Механизаторы торопливо проходили в тёплую раздевалку мастерской, покрякивая от холода, разминали озябшие руки, здоровались, перебрасывались замечаниями о вновь вернувшейся зиме.
Заведующий мастерской, грузно усаживаясь за доминошный столик, добродушно встречал входящих словами:
— Подморозило казачков по весне-то, подпуржило…
Мужики больше молча, рассаживались на скамьи вдоль стен, подоконник, закуривали.
Широко раскрыв дверь, вошёл главный инженер Рогов, осматривая сидящих, выговаривал по-хозяйски:
— А накурили — хоть топор вешай, — и тут же зычно, — ребята, кончай ночевать, вставай, пришёл! — затем спокойно обратился ко всем, чтоб проходили в Красный уголок, что к ним приехала секретарь райкома товарищ Шустова, если за полгода не забыли такую.
Ирина Семёновна в сопровождении председателя колхоза и парторга энергично прошла по проходу меж тесно сидящих механизаторов к столу напротив. Не садясь, спокойно вгляделась в аудиторию, может, чуток дольше необходимого задержав взгляд на сидящих в последних рядах, и, словно забыв, с чего начинать, неловко достала блокнот, несколько раз наугад перевернула исписанные страницы, начала говорить чуть перехваченным голосом:
— Мне приятно бывать у вас в колхозе, тем более беседовать с вами. Прокашляв першинку, освоясь окончательно, Шустова продолжила чистым ровным голосом:
— Товарищи, вновь наступило ответственное время в жизни нашего государства. Вчера состоялся внеочередной Пленум ЦК КПСС.
Далее она кратко рассказала о жизненном пути Генерального секретаря и его речи на Пленуме.
Лугов, сидя в заднем ряду, видел, как шла Ирина к столу, — в кожаном пальто, вся какая-то ладная, а как посмотрела на него… От вновь, было, нахлынувших к ней чувств на какую-то минуту он всё забыл, отбросил: и что не видел целых полгода, и слухи о её скороспелом выдвижении, о её «успешной» учёбе в областной партшколе… Только голос, удивительно изменившийся голос, вывел его из такого состояния; в нём появился металл, в интонациях сухая размеренность и назидательность. Вглядываясь, он видел то же красивое лицо, но вместе и что-то новое, чужое, только в чём именно — уловить, сразу как-то не удавалось.
— Может, во мне появилась зависть, а вместе и злость к ней, — самокритично рассудил Василий Петрович.

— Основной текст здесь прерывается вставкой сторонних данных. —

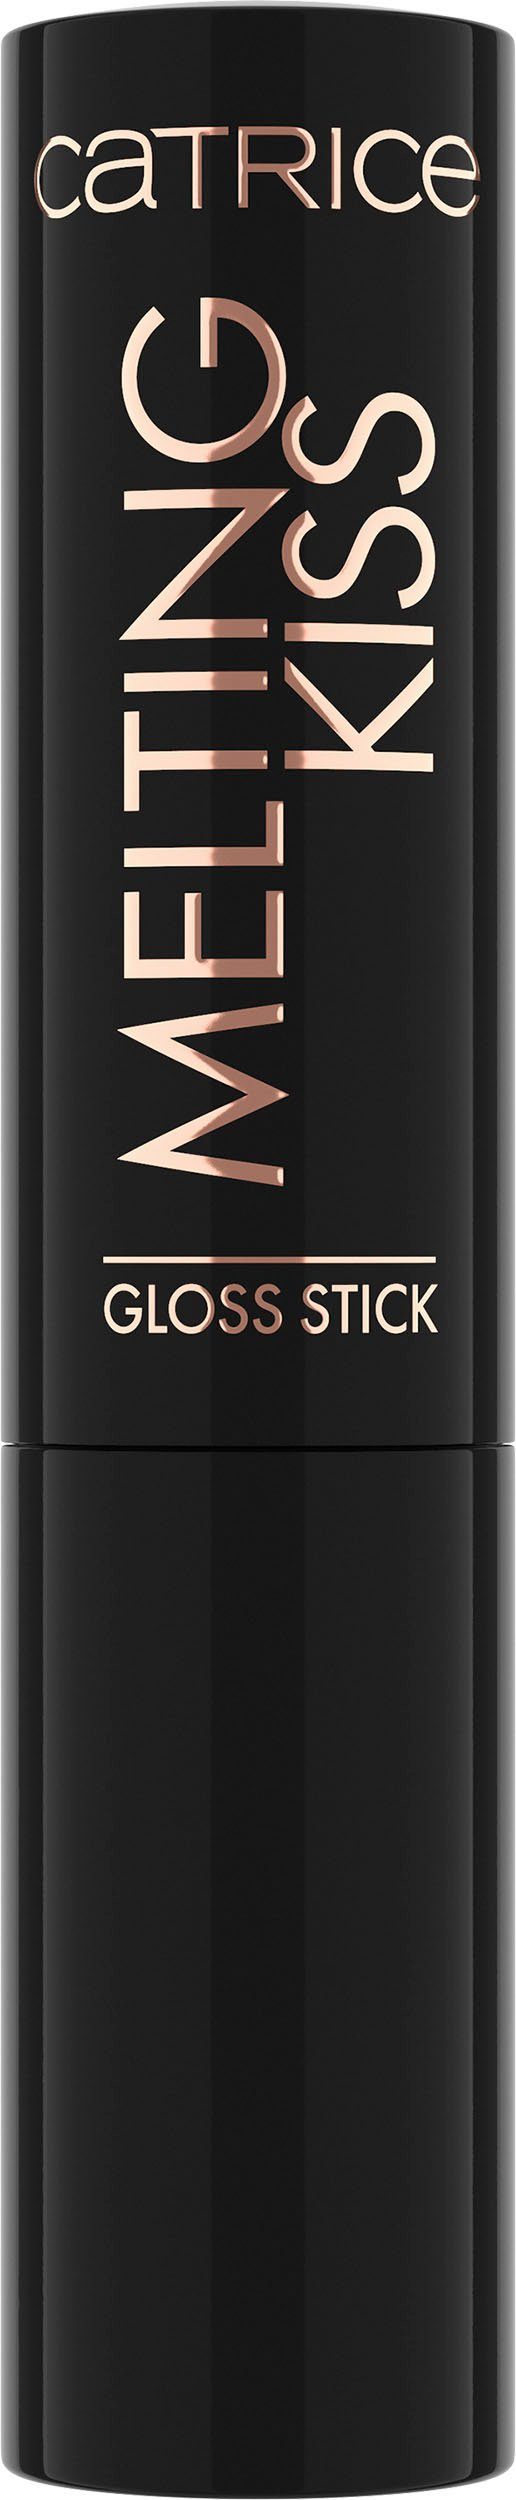 Gloss Stick, strong Lippenstift Melting Kiss Catrice 3-tlg. Catrice connection

После информации Шустова подробно рассказала о делах в районе и ходе зимовки скота; затем упорно втолковывала необходимость принять участие каждого подворья колхозника в сдаче молока по договорам с колхозом и в откорме животных на взаимовыгодных условиях. Высказав своё, пригласила к разговору механизаторов.
Мужики долго молчали. Каждому казалось несколько необычным выдвижение на высший государственный пост менее известного и относительно молодого из членов Политбюро.
Наконец, с заднего ряда тракторист Кремнев пробасил, как вроде соседу, что с бугра, мол, всегда виднее, а мы что — поддерживаем, конечно, и, помолчав, добавил погромче — сколь их там хоронить можно — этот годок мне, может сколь и поживём, да хлеб пожуём…
Кряжисто, коротконого встал слесарь-инструментальщик, бывший шахтёр Грицюк Андрей Саввич. Не спеша, повернувшись всем корпусом к Алексею Ивановичу, выговорил скрипуче:
— Вы там в бригаде и с землёй, видно, обращаетесь абы как, а родит, не родит — пусть начальство думает — поддерживаем, одобряем, — сник в голосе, шахтёр передразнил тракториста, затем, повернувшись к столу, продолжил трубно:
— Я считаю ремесло руководителя с шахтёрским вровень, что уголь рубать, значит, — что страной или краем управлять; так почему же мне в пятьдесят лет льгота на отдых вышла? Да потому, что не выдать мне на-гора положенного, а другому за меня рубать уголёк никак несподручно. Так вот я и хочу сказать, что руководитель должен быть в полном расцвете сил и способностей, а потом вовремя и с почётом уходить с поста, с благодарностью от народа, чтоб добром вспоминали, а не кляли вслед гробу — вот мой сказ на сегодня. — И, неловко усаживаясь на место, прогудел: — В конце-то концов, ошибки эти вот здесь у народа сидят, — он, изогнувшись, выразительно шлёпнул клешневатой рукой себя по жилистому загривку.
— Давай, давай сыпь, а то там ждут — не дождутся твоих басен, — внятно отпарировал ему на критику Алексей Иванович.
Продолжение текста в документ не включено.